> **WHAT THE TASK ASKS**
From the line containing "Le capitonnage de" to the end of the records below, output each line exactly; include both ends and nothing else.

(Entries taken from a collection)
((

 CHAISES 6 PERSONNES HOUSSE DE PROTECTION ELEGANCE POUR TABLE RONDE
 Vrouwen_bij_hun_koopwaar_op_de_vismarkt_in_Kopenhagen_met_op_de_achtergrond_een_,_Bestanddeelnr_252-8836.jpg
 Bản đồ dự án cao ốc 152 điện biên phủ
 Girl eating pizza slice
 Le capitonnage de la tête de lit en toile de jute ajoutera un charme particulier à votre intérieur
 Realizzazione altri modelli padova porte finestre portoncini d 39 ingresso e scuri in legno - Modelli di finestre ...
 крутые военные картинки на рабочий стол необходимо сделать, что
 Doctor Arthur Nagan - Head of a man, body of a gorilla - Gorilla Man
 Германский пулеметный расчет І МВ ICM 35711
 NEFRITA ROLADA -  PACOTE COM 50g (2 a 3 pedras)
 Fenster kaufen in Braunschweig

))

> **RESPONSE TO THIS TASK**
 Le capitonnage de la tête de lit en toile de jute ajoutera un charme particulier à votre intérieur
 Realizzazione altri modelli padova porte finestre portoncini d 39 ingresso e scuri in legno - Modelli di finestre ...
 крутые военные картинки на рабочий стол необходимо сделать, что
 Doctor Arthur Nagan - Head of a man, body of a gorilla - Gorilla Man
 Германский пулеметный расчет І МВ ICM 35711
 NEFRITA ROLADA -  PACOTE COM 50g (2 a 3 pedras)
 Fenster kaufen in Braunschweig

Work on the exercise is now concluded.